Don’t quit when you can’t see progress.
Sometimes we do everything right and still feel stuck. We follow the plan, stay disciplined, pray, believe… and nothing seems to change. It’s in those moments that perseverance matters most.
Years ago, I injured my knee. Doctors said it was a straightforward injury and predicted three or four months of recovery. I was determined to beat that timeline.
I did every exercise the physio prescribed, three times a day. Tiny, boring movements like lifting my toes for minutes on end. Weeks turned into months with no improvement.
After about six months, my physio looked at me and said words that dropped like a stone in my stomach:
“I’m sorry. There’s nothing else we can do.”
It felt final. Hopeless.
However, I couldn’t shake a deeper conviction that this wasn’t the end of the story.

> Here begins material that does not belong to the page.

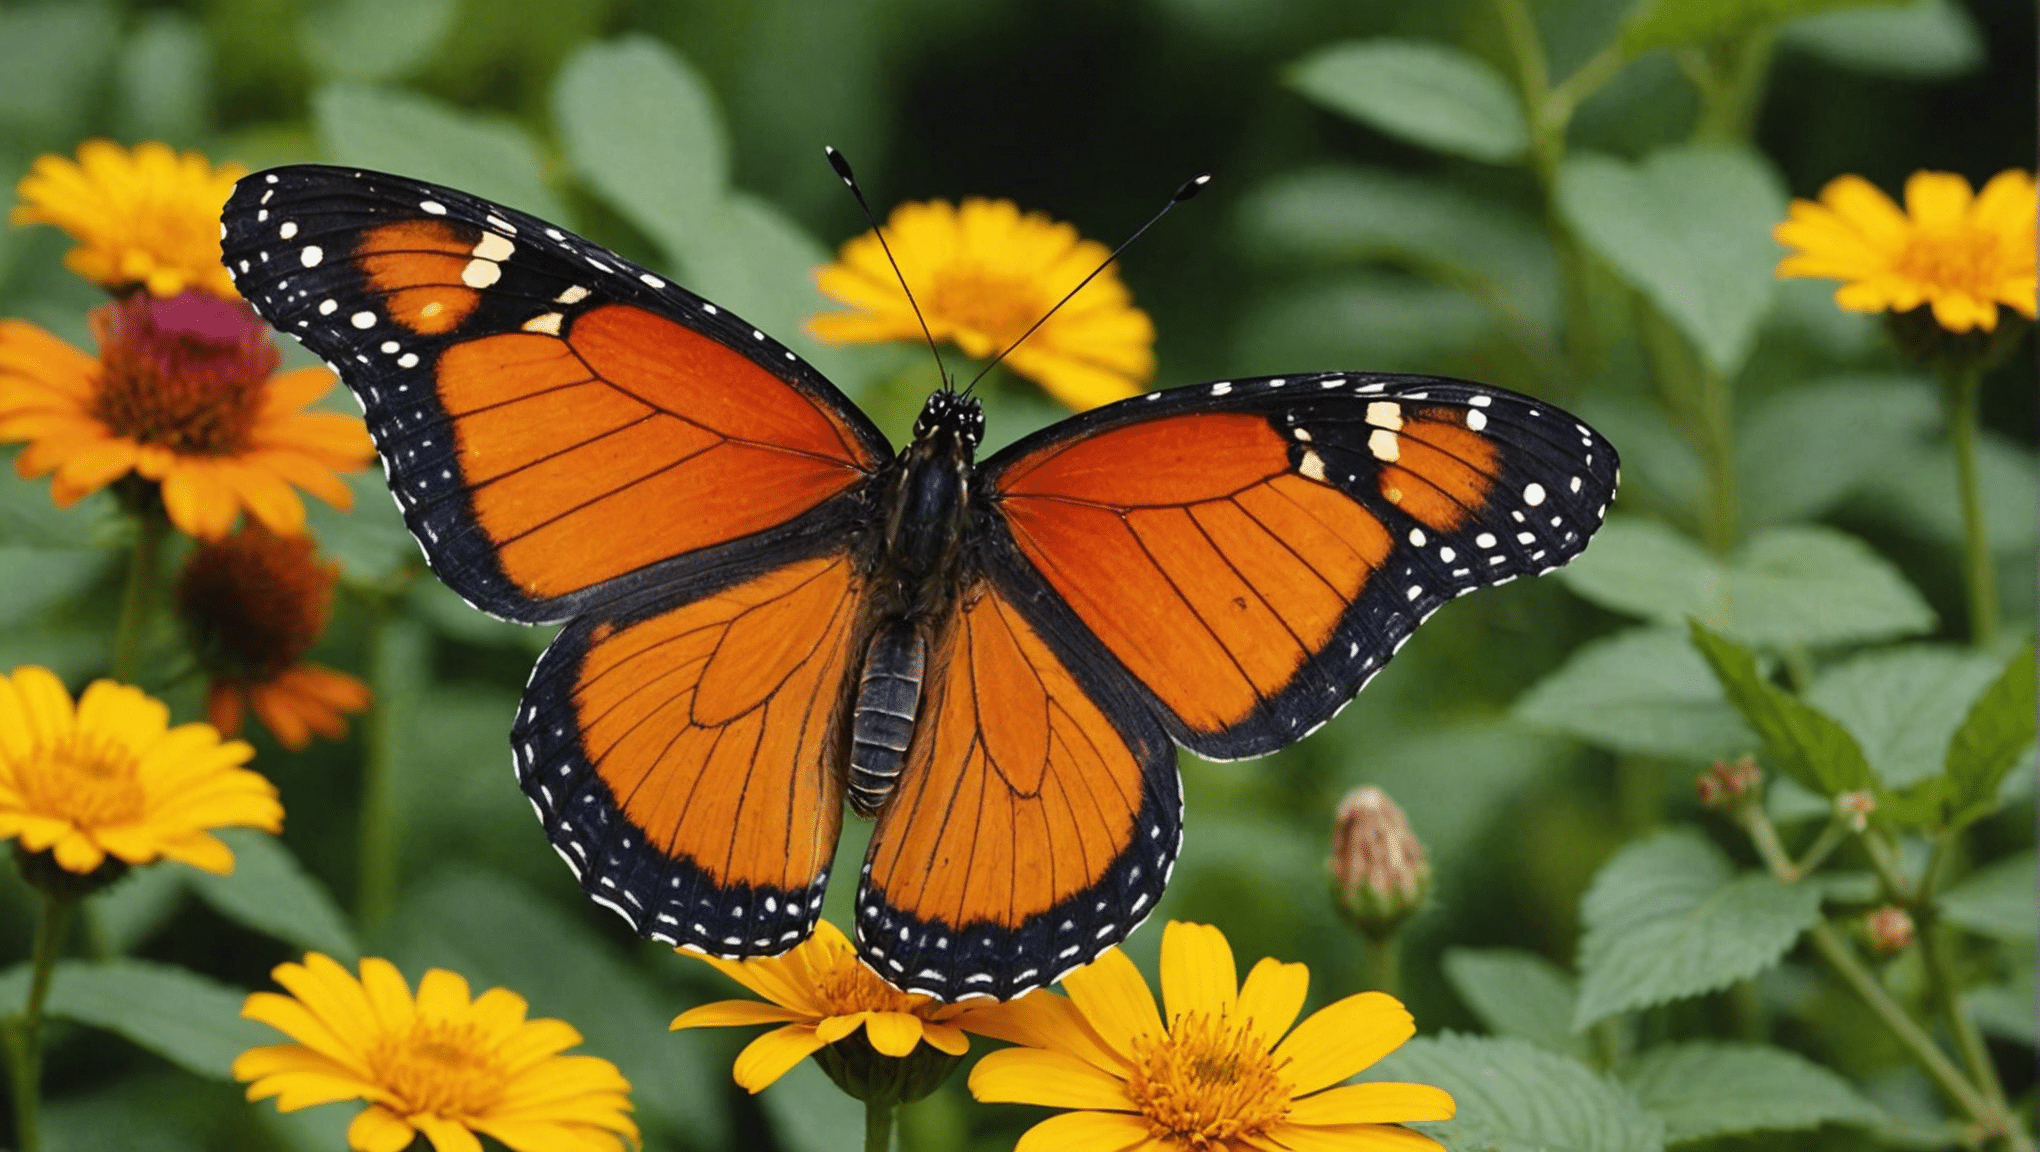 Descubra datos divertidos y fascinantes sobre las mariposas con nuestro atractivo contenido.
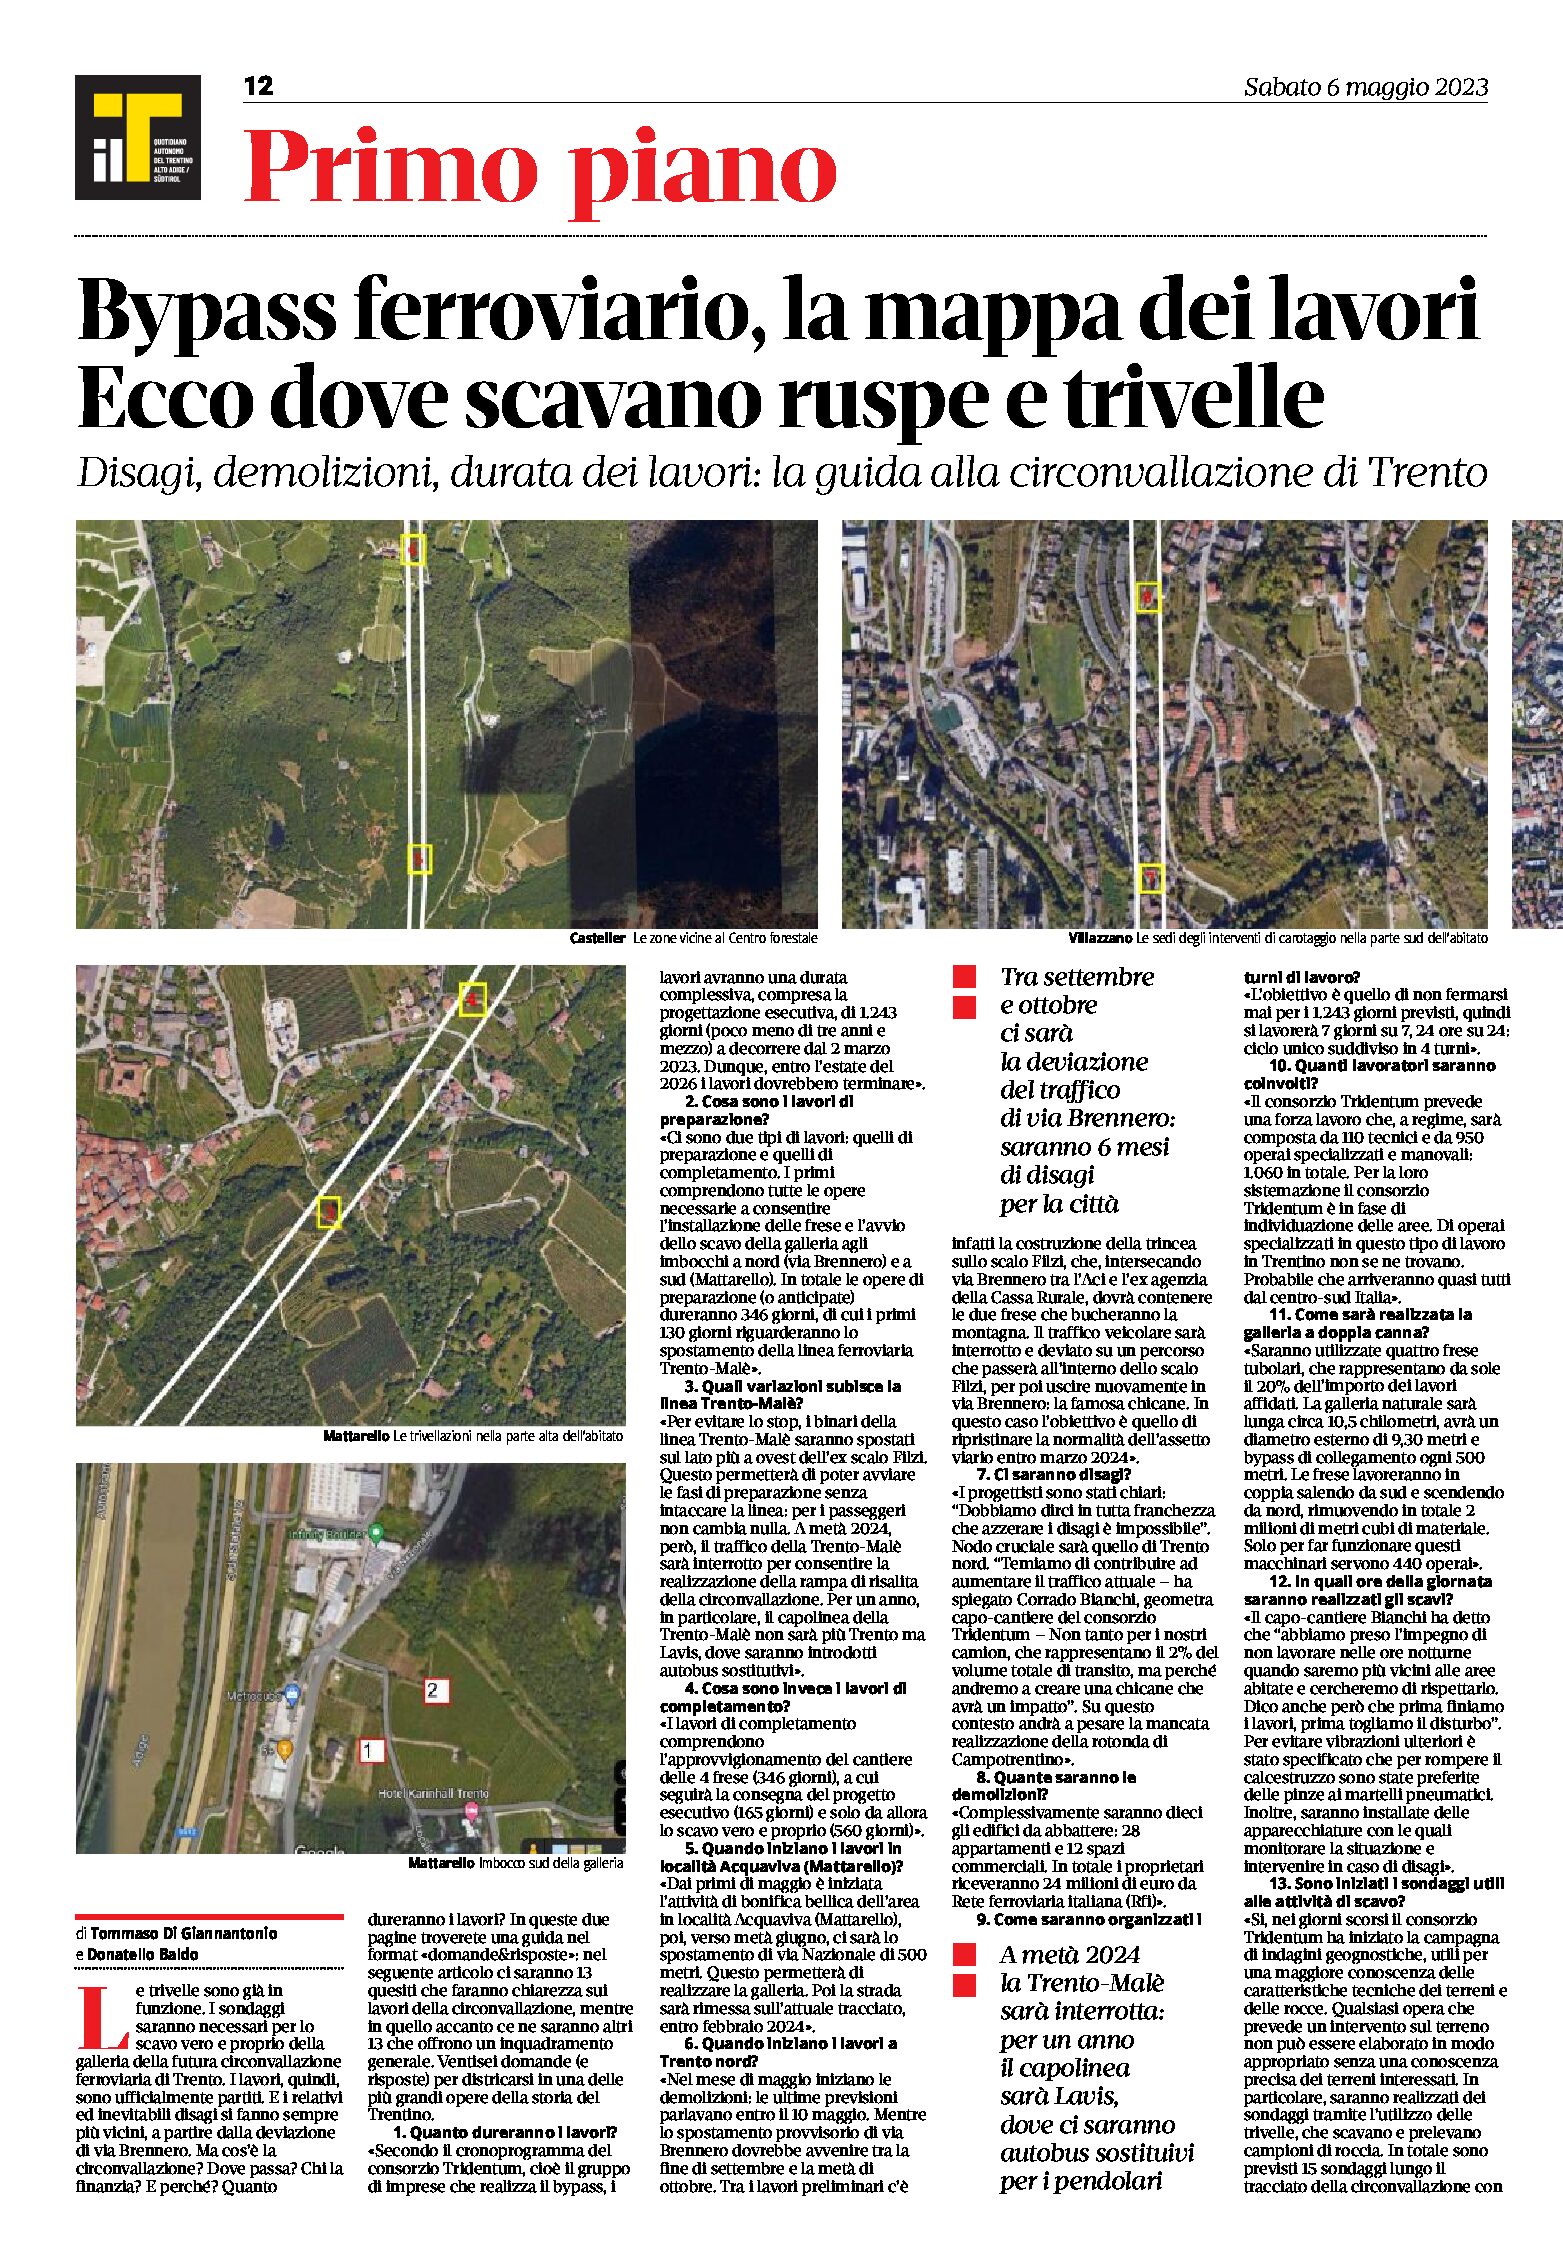 Trento, bypass ferroviario: mappa dei lavori, ecco dove scavano ruspe e trivelle. Radiografia dell’opera

I had done everything I could in the natural, so I chose to keep believing, keep exercising, keep showing up, even when nothing was happening.
Suddenly, things changed. No new treatment. No different routine. Just a quiet, gradual shift.
First small signs of improvement. Then stronger. Eventually, I not only walked without pain but ran again—further and stronger than before.
Today, I regularly run half-marathons and am training for a full marathon. The same knee they said might never recover now carries me distances I once thought impossible.
That challenging season taught me something I’ll never forget: progress often starts long before you can see it. While I faithfully performed those mind-numbing exercises, something unseen was happening. Healing was taking place beneath the surface.
Breakthroughs—in health, finances, relationships, dreams—rarely arrive with a warning. They build quietly until suddenly they’re visible.
If you feel you’ve been doing everything right but nothing’s changing, keep showing up. Keep taking small, faithful steps. Keep believing even when the evidence is invisible.
The moment you’re tempted to quit might be the moment just before your breakthrough.
Don’t give up. Your turning point might be closer than you think.